This specific entry is also interesting in that it features one of the only known instances of a southern European merchant active in Aberdeen. Pelegrino Grellus was a merchant from Genoa who, with his brother Lazarino, appears regularly in the royal Exchequer Rolls in the late 1420s and early 1430s, at about the same time as the two brothers appear in the Aberdeen records.3 The entry, dated 1426, concerns a dispute between ‘Pylgrime mirchand of Gene (=Genoa)’ and Jelm (or John?) van Wrey, whose place of origin remains to be identified, and his shipmen. Man may have had some trouble reading the place names in the original, as the first few letters of the word in his copy are difficult to identify. It looks something like ‘Mineth’ and is likely to be a place in the Low Countries. The alderman (provost), bailies and community of Aberdeen determined that Van Wrey, who was shipmaster of a ‘bus’, and his shipmen should calculate their fees (‘and se qwhat is acht thaim of thair fees’), which Pelegrino should then pay to the sailors. In addition, it was determined that the shipmaster should sail to Lazarino in Edinburgh. It appears that another decision had to be made there as to who should pay the shipmen’s fees for that part of the journey: the shipmaster or Lazarino, but it is not entirely clear from the notes whose decision this was to make.4

It may be that Pelegrino was in Aberdeen in relation with the transactions detailed in the Exchequer Roll, that is to say collecting salmon as part of his payment by the king for supplying the court, though there is no mention of a payment to the brothers in the Exchequer Roll for 1426-7.5 A year later, Pelegrino did receive thirty lasts and two barrels of salmon, in addition to another eleven lasts and eleven small barrels. For 1428-9 the two brothers are named together.6. It may also be that Pelegrino and Lazarino were already active in Scottish trade before they started supplying the king.

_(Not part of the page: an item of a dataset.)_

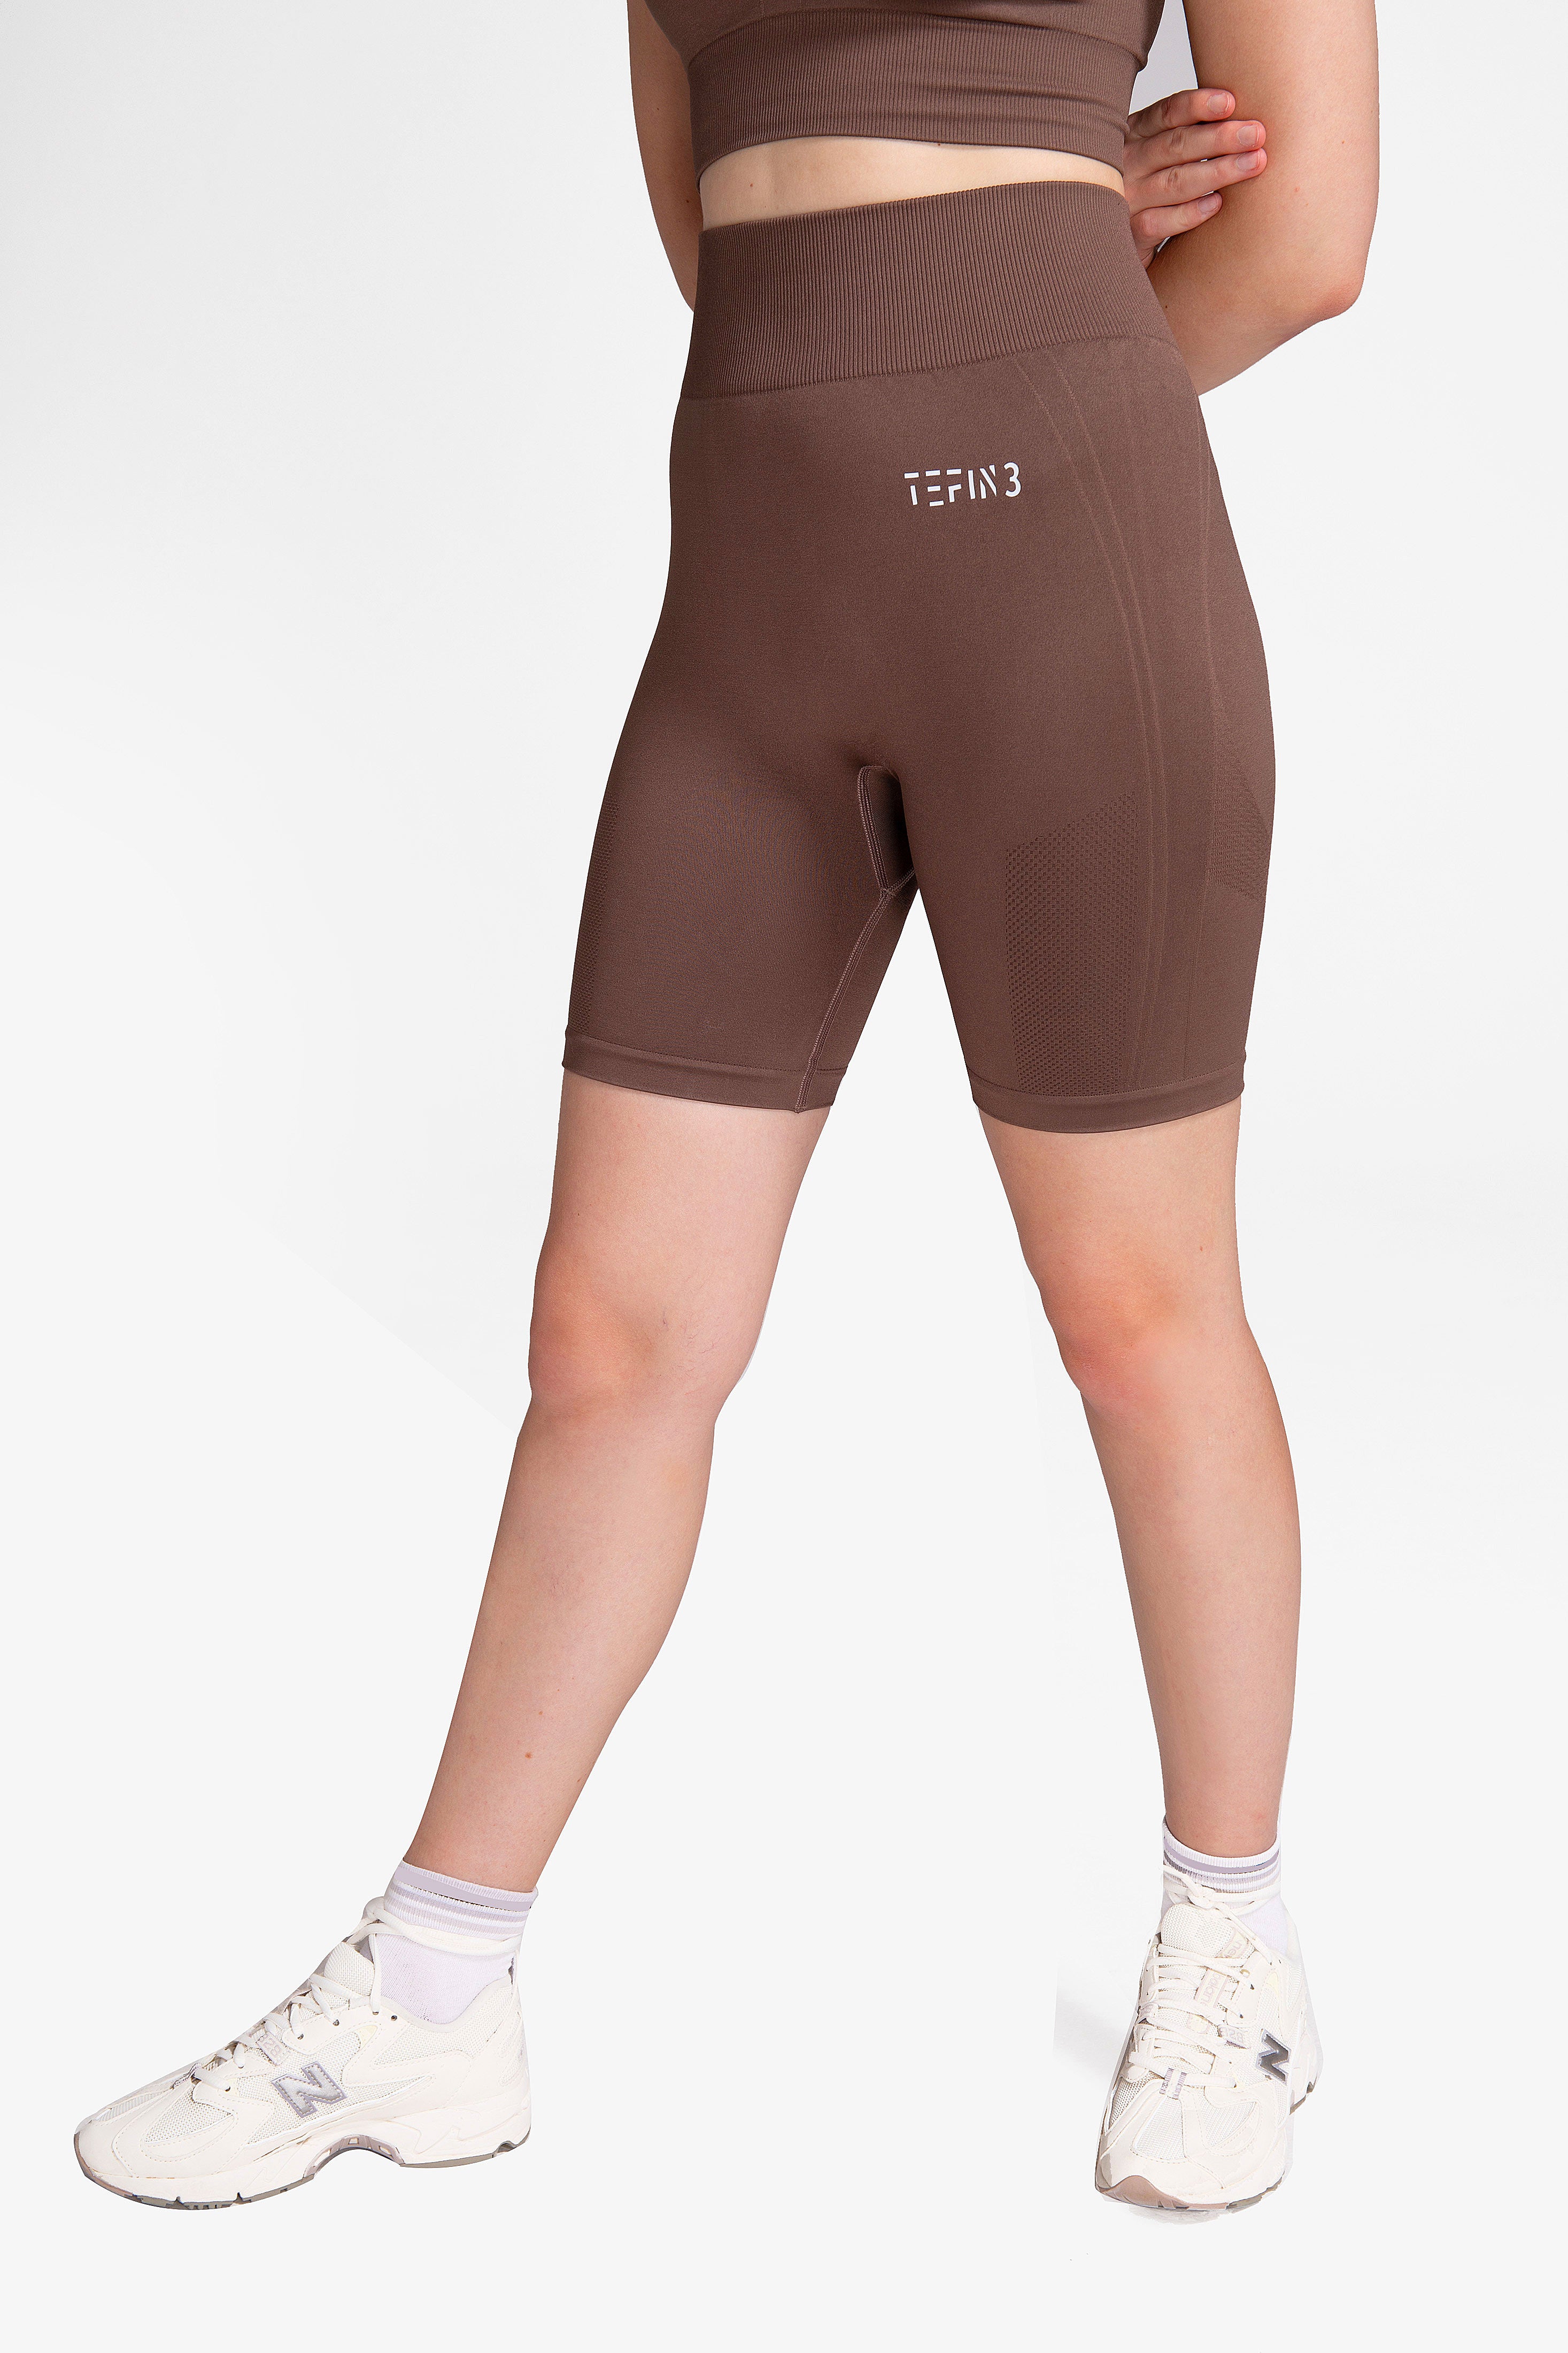 Comfy Seamless Workout Shorts Chocolate Brown

It is rare to come across southern European merchants active in Scottish trade. Taken as a whole, there were few foreign merchants who resided in Scotland in the later middle ages. There were no communities of merchants residing in any of the Scottish burghs in this period as there were in other towns throughout Europe (such as, for example, the Scots in Bruges and later in Veere), not even in Edinburgh.7 In addition, the majority of merchants who did come to Scotland were either English, Dutch, Flemish or Hanseatic (especially from Stralsund and Danzig). The most notable Aberdeen resident with a presumed southern European connection was William of Spaigne/Spanye, who appears in volumes four and five and may well have appeared in volume three, as his first appearance is on page six of volume four. William of Spaigne was a councillor in the late 1430s and early 1440s and appears finally in 1450. In that same year a Jonet Spaigne is listed in an account. She was perhaps a relation, either a daughter or a sister. Judging by the fact that William was a councillor, he must have been fairly well established in Aberdeen by the late 1430s. Despite his suggestive surname, we do not know whether he came from Spain himself, or descended from a Spaniard. We do know that he owned some property on the Gallowgate in the late 1440s.8

There is also no evidence as to where the Genoese Pelegrino resided, but his brother owned a house in Kirkcudbright in the mid-fifteenth century and served as custumar of that town in 1455 and 1460, so many years after the entry from 1426.9 In 1426 Lazarino appears to have been in Edinburgh, though it is not clear whether he was a permanent resident. Unfortunately, any other potential appearances in volume three are lost forever, like most other Scottish burgh records from that period. But thanks to the efforts of James Man in the 1700s we have at least gained a glimpse into Aberdeen in the 1420s and its links with the outside world.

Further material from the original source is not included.